Иверзнев криво, нехорошо усмехнулся. Лазарев ждал, но друг больше так ничего и не сказал. Он молча глядел в открытое окно, за которым всё так же блестела холодная осенняя луна.
– Если бы только знать… – наконец, вполголоса сказал Иверзнев. – Если бы только знать наверное… что они выбрались, дошли… Что в её жизни не будет больше ни неволи, ни кандалов, ни издевательств и муки… Если бы я мог знать! Клянусь, я со спокойной душой отправился бы на тот свет и ни минуты об этом не пожалел!
– Я уверен, что они выбрались, – как можно убедительней сказал Лазарев. – Чтобы братья Силины – и не прорвались?! Я с ними несколько лет по тайге проходил, знаю, на что эти медведи способны! Бабы у них здоровы, молоды, на ноги легки… Ты же мне сам рассказывал, как твоя… как Устинья шла босиком по лесам из Смоленска в Москву целую осень! Стало быть, не впервой?
– Ну, смоленский лес – это тебе не тайга с буреломом и медведями!
– Послушай, но если бы их взяли, то давным-давно вернули бы на завод! Ты ведь и сам знаешь!
– Знаю. Но они обещали известить, когда…
– Миша! Они до сих пор находятся в тайге! И прячутся! Какие вести?! Напротив, надо радоваться тому, что новостей нет! Стало быть, всё благополучно! Просто надо ждать и…
– Разумеется, – устало перебил его Иверзнев. – Прости, что говорю об этом. Верно, я совсем пьян. Где там эта оленина? И как я мог про неё забыть… Ещё ничем нехорошим не пахнет? Мне только поноса не хватало…
Некоторое время они молча, сосредоточенно жевали. В комнате было тихо, лишь поскрипывал за печью сверчок. Луна ушла из окна, сделалось совсем темно, и Лазарев зажёг свечу.
Иверзнев сходил в лазарет, через полчаса вернулся.
– Тихо, все спят. Знаешь, не хочу радоваться заранее – но, кажется, эпидемия пошла на спад. Будем надеяться, что больше никто не умрёт. И так в женском остроге по детям четвёртый день воют… Меланья не возвращалась?
Лазарев пожал плечами. Вполголоса спросил:
– Как ты думаешь, Наташа не…
– Ничего пока не могу сказать. Завтра будет видно. Будет страшно жаль, если эта девушка умрёт. Она замечательная. И совершенно не похожа на своего папеньку, будь он неладен… Надо
– Однако, ты не стеснялся нынче в выражениях, когда с Тимаевым ругался! Он, по-моему, был даже всерьёз напуган…

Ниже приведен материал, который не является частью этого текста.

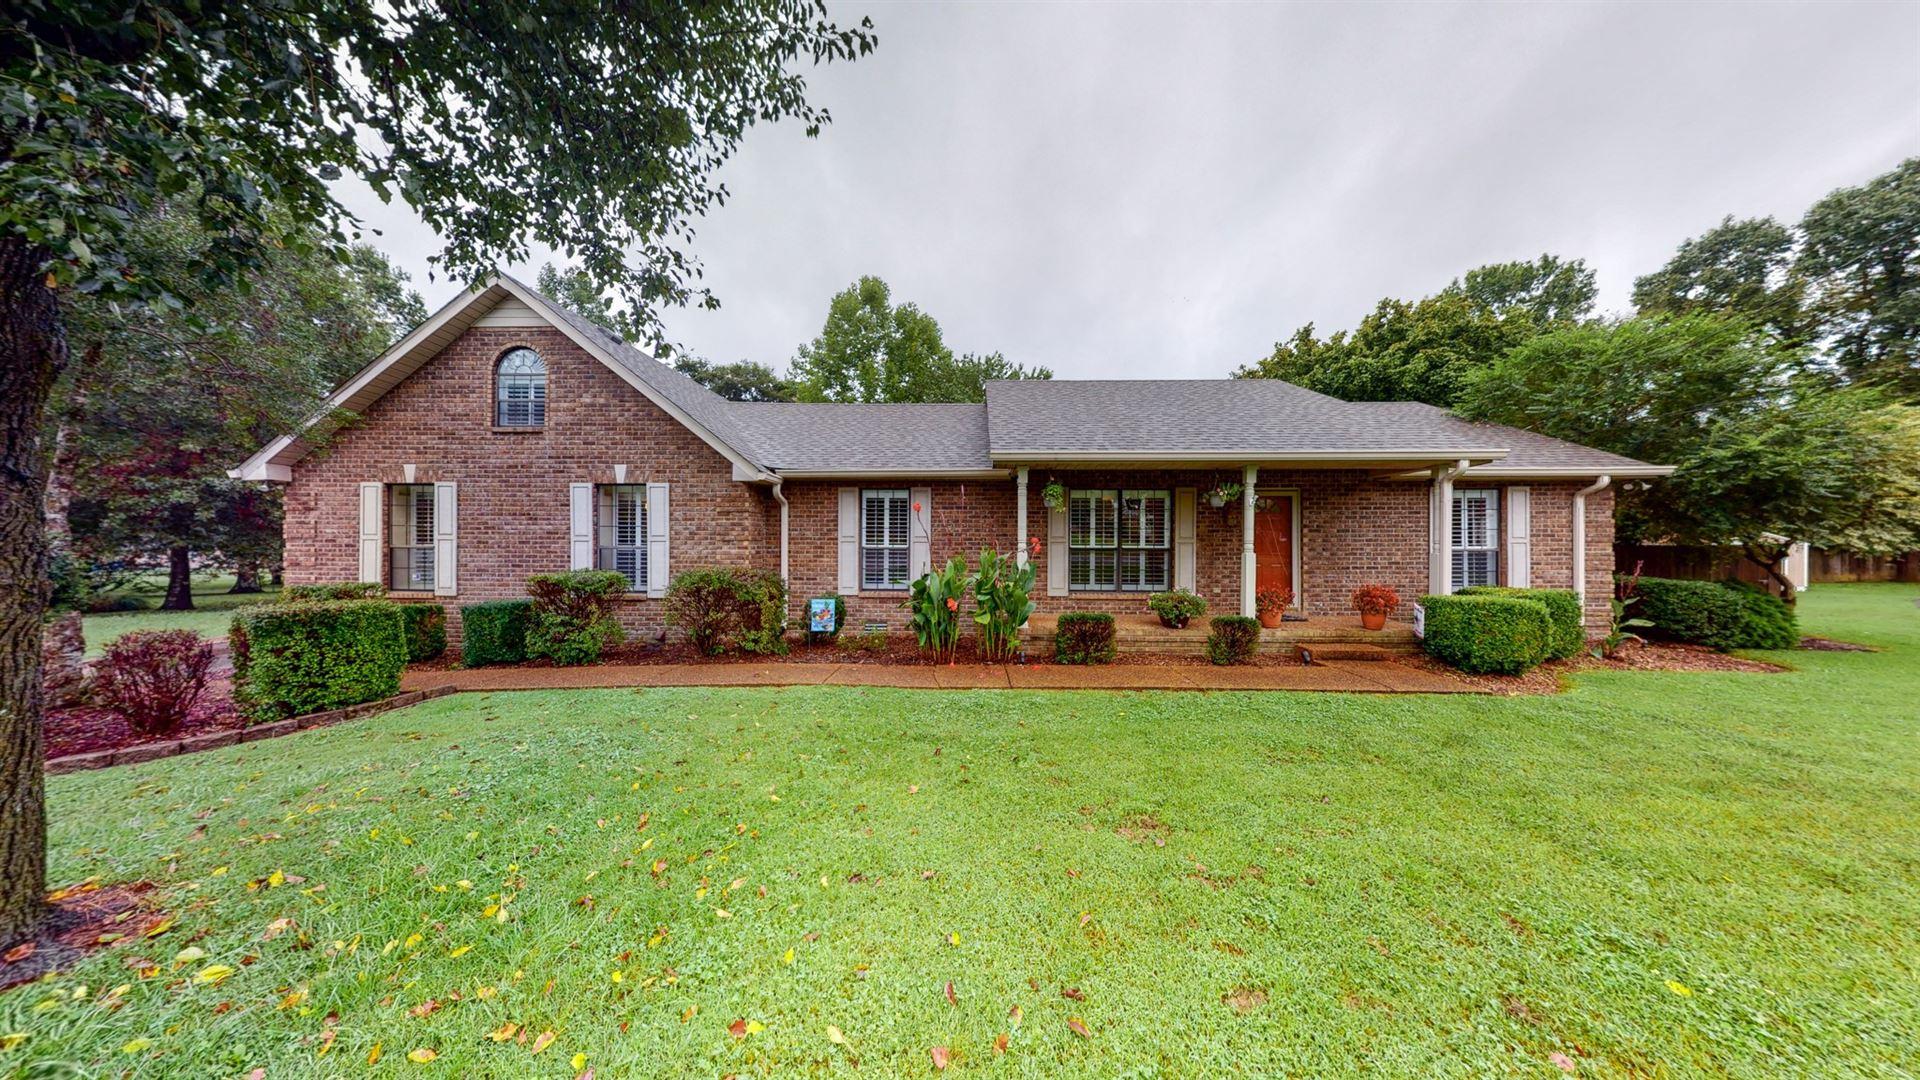 306 Carlton Pl, Goodlettsville, TN 37072 - MLS#: 2293394

– Напрасно это было всё, – Иверзнев опустился на старый табурет, жалобно заскрипевший под ним. – Господин Тимаев – существо непробиваемое. Верный слуга закона и «Уложения о наказаниях». Того, что не согласуется с его представлениями о сущем, он попросту не слышит. И во всей моей тираде он обнаружил лишь грубое нарушение субординации. Слава Богу, что мне на него плевать, а терять нечего. Всё уже давным-давно потеряно. Знаешь… даже как- то помирать не страшно. Обидно, право…
– Мишка, не смей! – гневно перебил Лазарев. – Не ты ли совсем недавно громил меня за упадническое настроение и уверял, что у нас на заводе полно таких, которым в тыщу раз хуже приходится, чем нам? Ишь чего – помирать вздумал! А больничку на кого? На мою Малашу? Так ей скоро рожать, знаешь ли!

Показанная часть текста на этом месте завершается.